Concussions are serious injuries. Although they rarely result in death, they can produce incapacitating symptoms. Worse yet, these symptoms could take anywhere from hours to weeks to appear.

During this time, symptoms may appear, disappear, or change drastically. In some cases, your symptoms could worsen before improving. And some symptoms, like memory loss, might never go away.

Learn more about delayed concussion symptoms and how they can affect a personal injury claim.

How Do Concussion Injuries Happen?

A concussion is a type of traumatic brain injury.

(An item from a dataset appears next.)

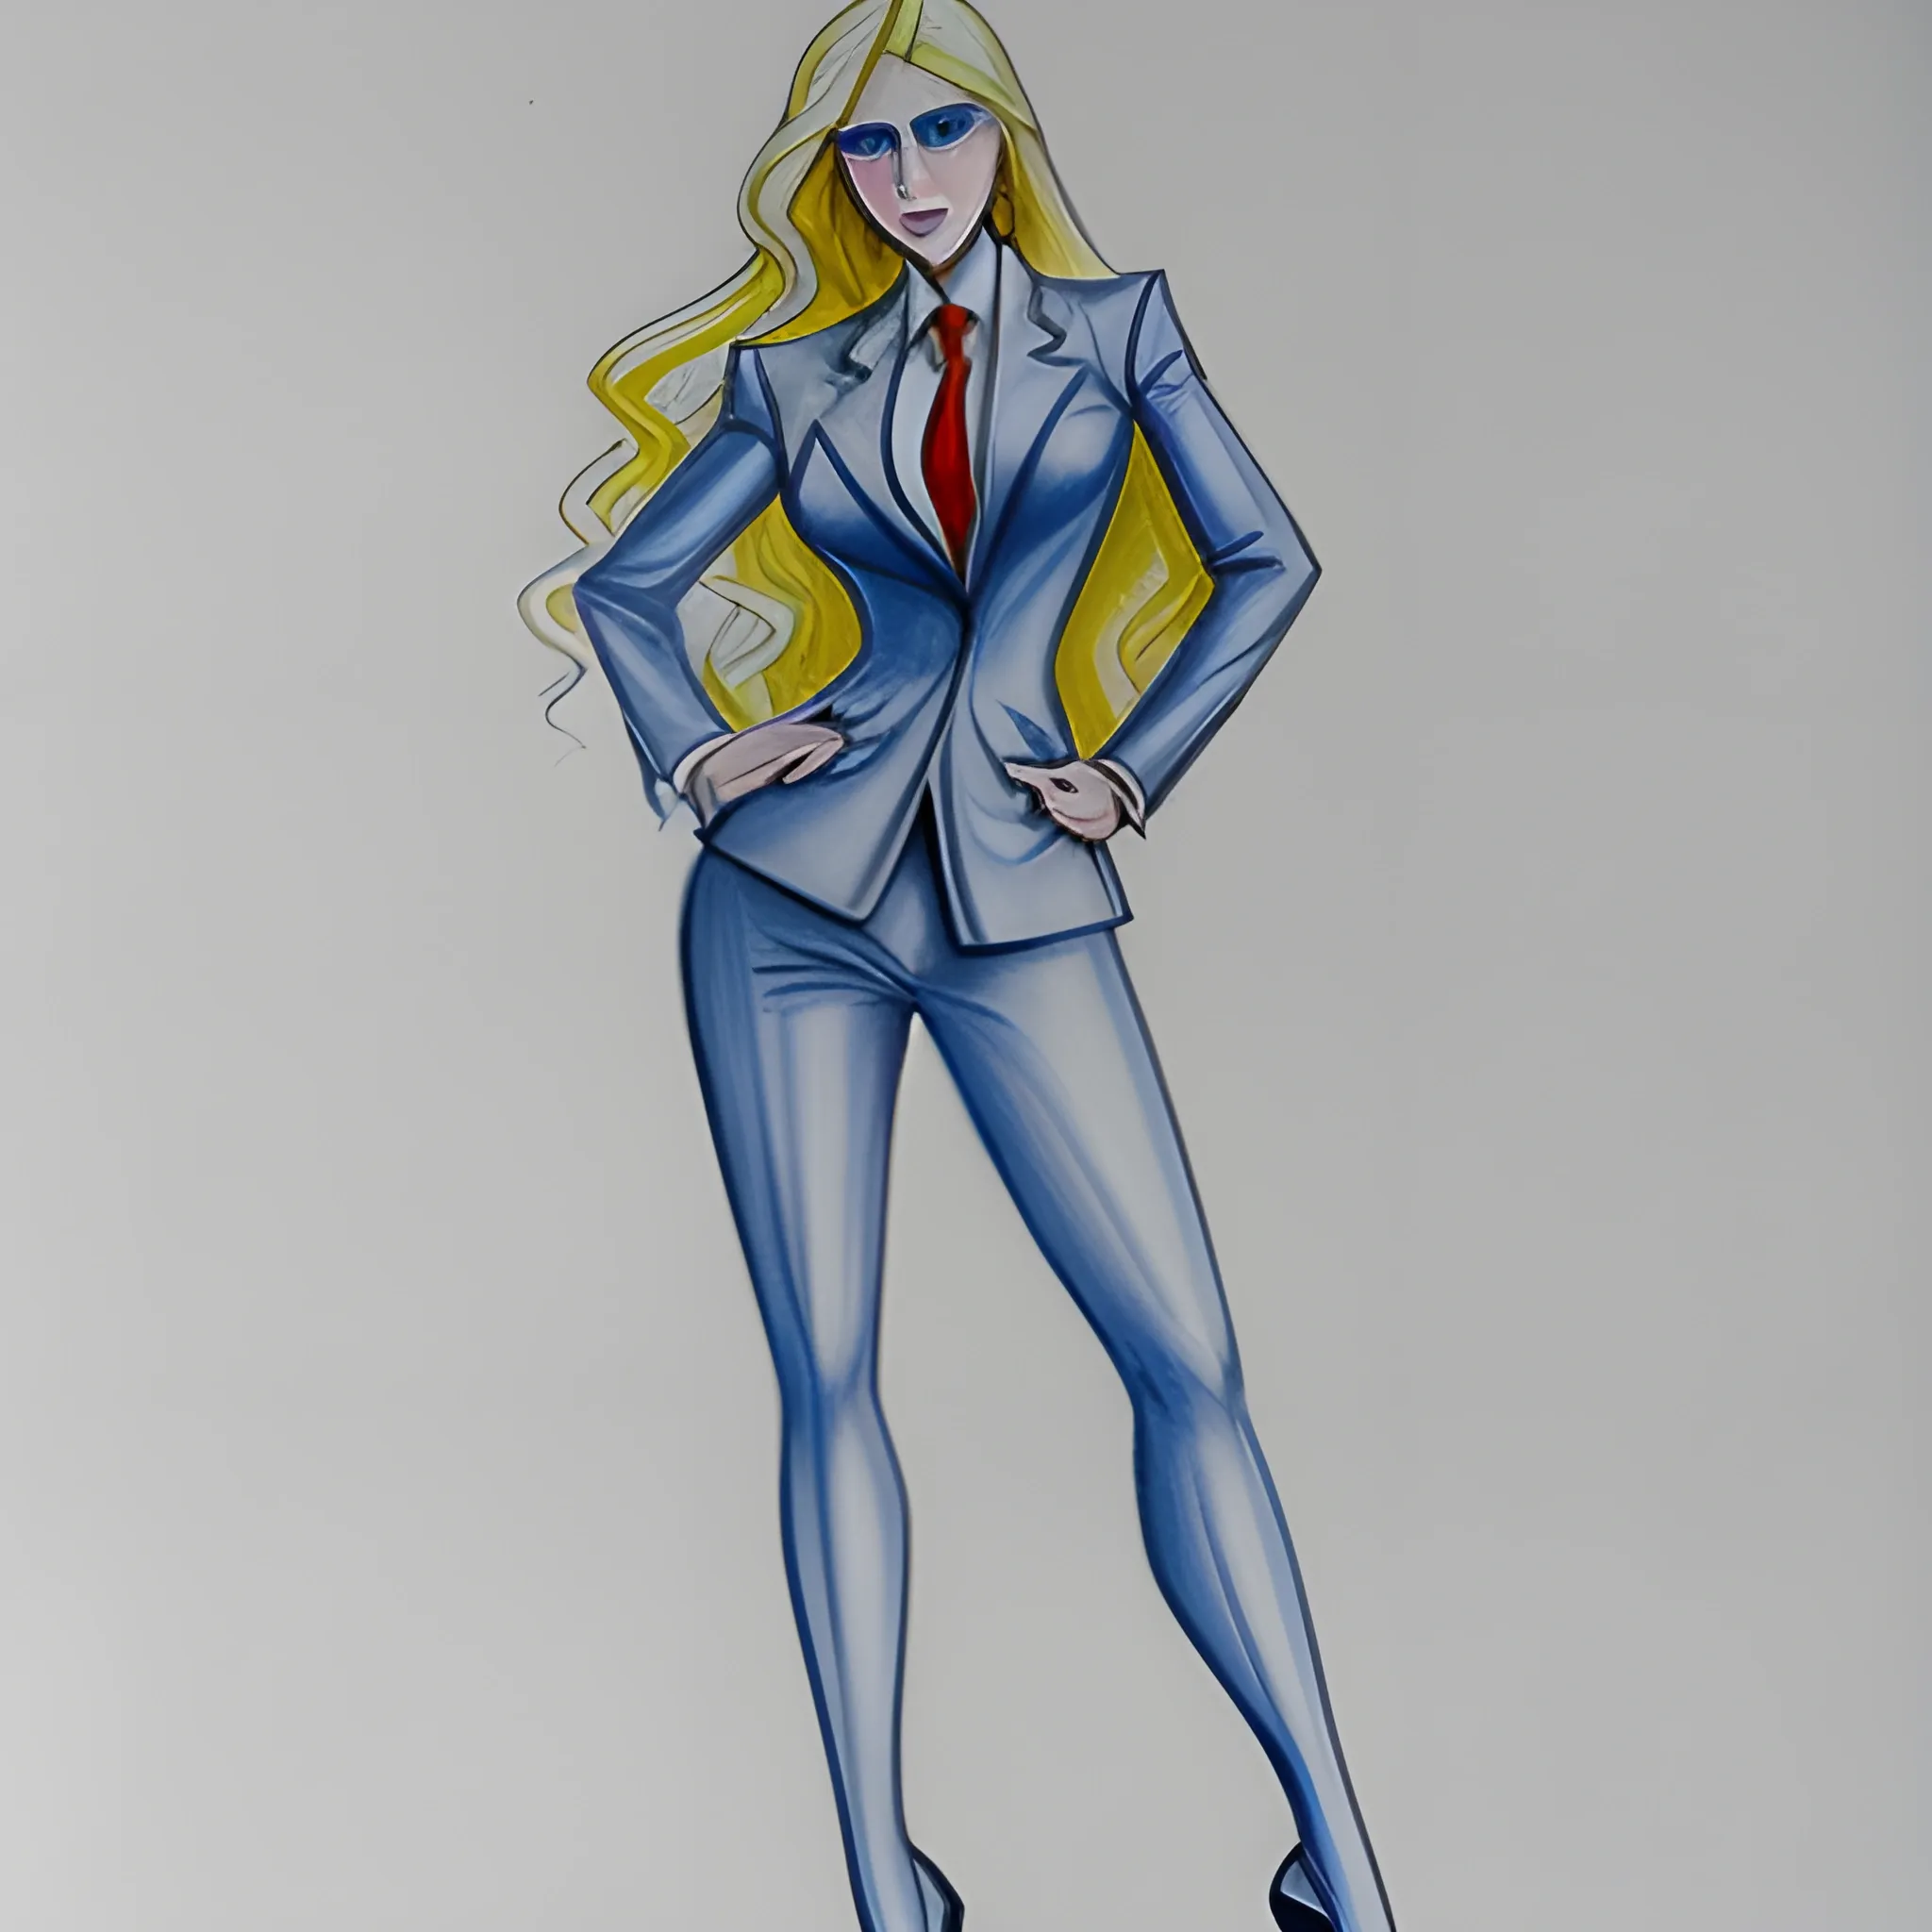 Blue eyes, very long and thick blonde hair, dramatic hourglass figure, five-foot five-inches tall, wearing high-heels, business suit, pencil sketch
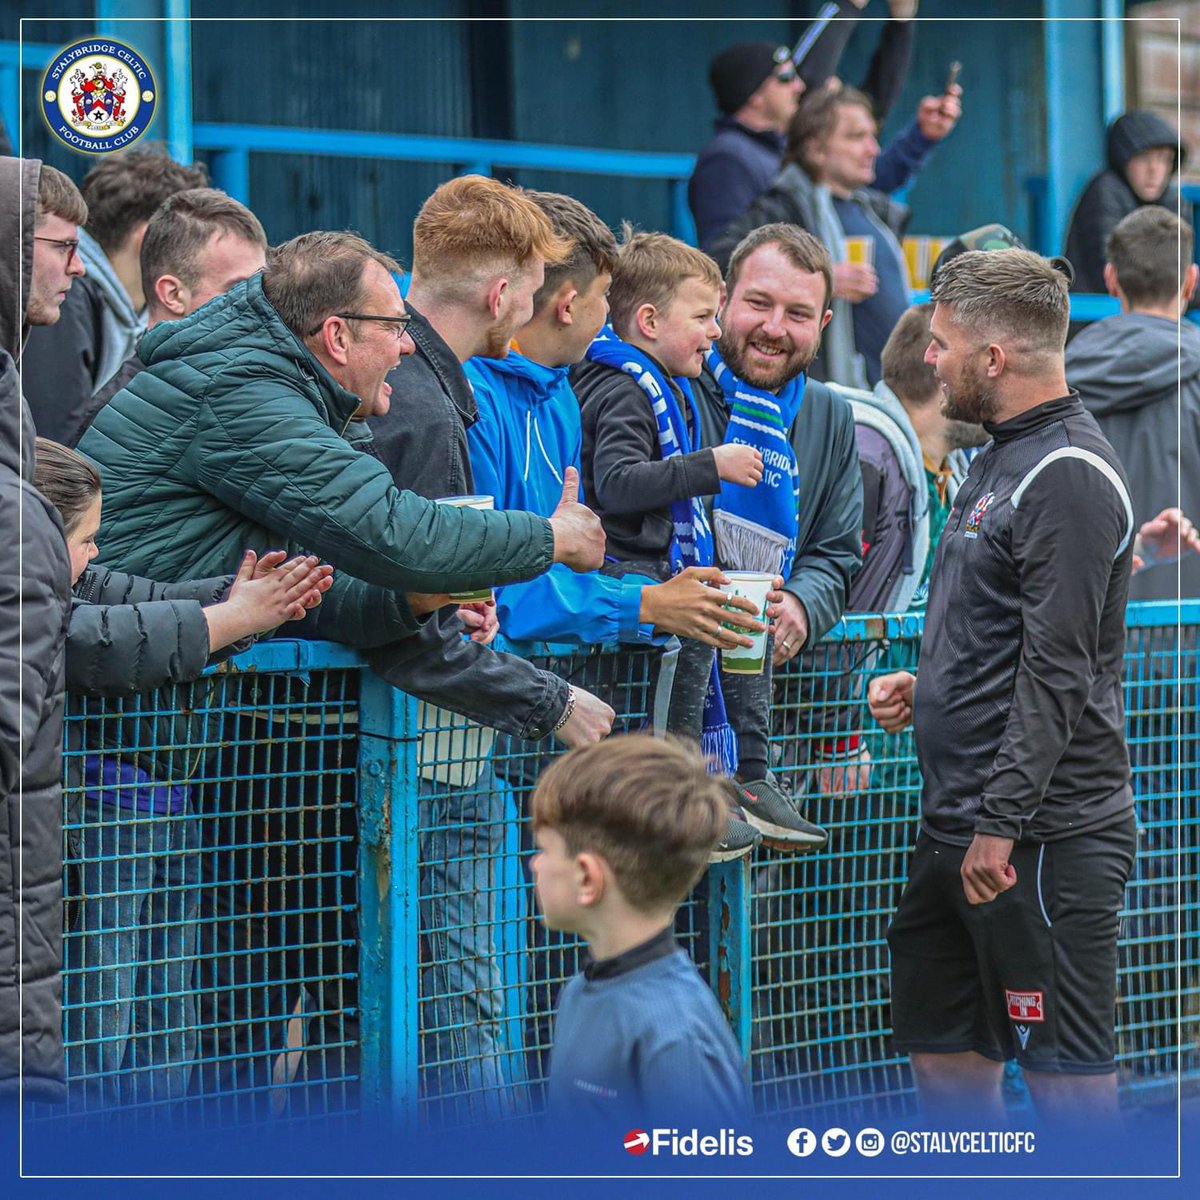 We're excited to announce season tickets for 2024/25 are now on sale! Buy via our new ticketing platform powered by @Justtikit and enjoy our '5-3-2-U' season tickets 🎟️ Flexi-tickets are coming soon 🔜 ➡️ stalycelticfc.link/seasontickets

It happens when pressure on your brain damages or kills brain cells.

Your skull serves to protect your brain. But if your brain strikes the inside of your skull, you can suffer a severe injury known as a brain contusion. This kind of bruising can cause permanent brain damage, coma, or even death.

A layer of cerebrospinal fluid (CSF) prevents this from happening. The CSF sits between your brain and your skull to cushion your brain and slow its movement when your head is hit or jostled.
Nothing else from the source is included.